Converting Video Formats with FFmpeg for DANDI Upload#
This guide explains how to convert bespoke video file formats to DANDI-compatible formats using FFmpeg, enabling successful conversion to NWB format and upload to the DANDI Archive.
Why Convert Video Formats?#
DANDI requires videos to be in specific formats for upload. The supported video file extensions are:
.mp4(recommended).avi.wmv.mov.flv.mkv
Installing FFmpeg#
FFmpeg is a powerful, open-source multimedia framework that can handle video conversion tasks.
Installation:
Windows: Download from https://ffmpeg.org/download.html or use
winget install ffmpegmacOS: Use Homebrew:
brew install ffmpegLinux: Use your package manager, e.g.,
sudo apt install ffmpeg(Ubuntu/Debian)
Verify installation by running:
ffmpeg -version
Basic Video Conversion#
Convert to MP4 (Recommended)#
MP4 is the most widely supported format. Use -c copy to copy streams without re-encoding for fastest conversion:
# Basic conversion to MP4 (copies streams without re-encoding)

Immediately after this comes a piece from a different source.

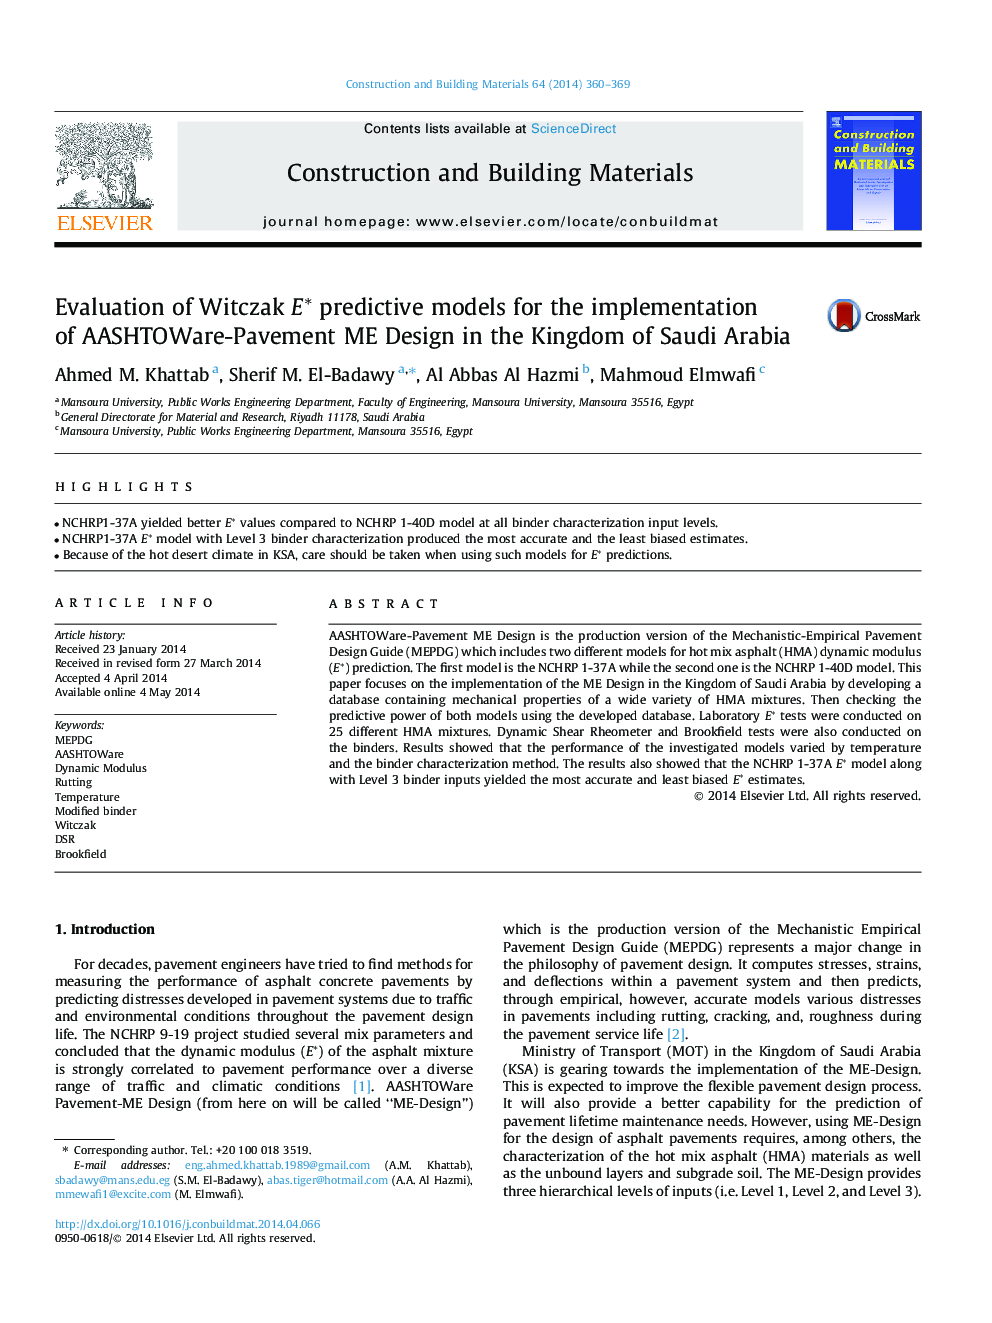 Evaluation of Witczak E* predictive models for the implementation of AASHTOWare-Pavement ME Design in the Kingdom of Saudi Arabia

ffmpeg -i input_video.webm -c copy output_video.mp4
Batch Processing#
Convert all files in a directory:
# Convert all .webm files to .mp4 (Linux/macOS)
for file in *.webm; do
ffmpeg -i "$file" -c copy "${file%.webm}.mp4"
done
# Windows batch command
for %i in (*.webm) do ffmpeg -i "%i" -c copy "%~ni.mp4"
Python script for batch conversion:
import subprocess
from pathlib import Path
def convert_videos_to_mp4(input_dir, output_dir):
"""Convert all video files in a directory to MP4 format."""
input_path = Path(input_dir)
output_path = Path(output_dir)
output_path.mkdir(exist_ok=True)
# Common video extensions that might need conversion
video_extensions = {'.webm', '.m4v', '.3gp', '.flv', '.wmv', '.avi', '.mov', '.mkv'}
for video_file in input_path.iterdir():
if video_file.suffix.lower() in video_extensions:
output_file = output_path / f"{video_file.stem}.mp4"
cmd = [
'ffmpeg', '-i', str(video_file),
'-c', 'copy', '-y', # -y to overwrite existing files
str(output_file)
]
print(f"Converting {video_file.name}...")
subprocess.run(cmd, check=True)
print(f"Saved as {output_file.name}")
# Usage example
convert_videos_to_mp4("./raw_videos", "./converted_videos")
Integration with NeuroConv#
After converting your videos to DANDI-compatible formats, use them with NeuroConv’s video interfaces.
For behavioral videos (recommended to store as external files):
from neuroconv.datainterfaces import ExternalVideoInterface
from pathlib import Path
# Use your converted video file
converted_video_path = Path("path/to/converted_video.mp4")
# Create interface with converted video
interface = ExternalVideoInterface(
file_paths=[converted_video_path],
verbose=False,
video_name="BehaviorVideo"
)
# Continue with normal NeuroConv workflow
metadata = interface.get_metadata()
# ... rest of conversion process
For neural data videos (store internally when lossless compression is needed):
from neuroconv.datainterfaces import InternalVideoInterface
# Create interface for internal video storage
interface = InternalVideoInterface(
file_path=converted_video_path,
verbose=False,
video_name="NeuralVideo"
)
For detailed information on using NeuroConv’s video interfaces, see the Video data conversion (multimedia formats) guide.
Additional Resources#
Note
Always test your converted videos with a small sample first to ensure they work correctly with your specific NeuroConv workflow before converting large batches.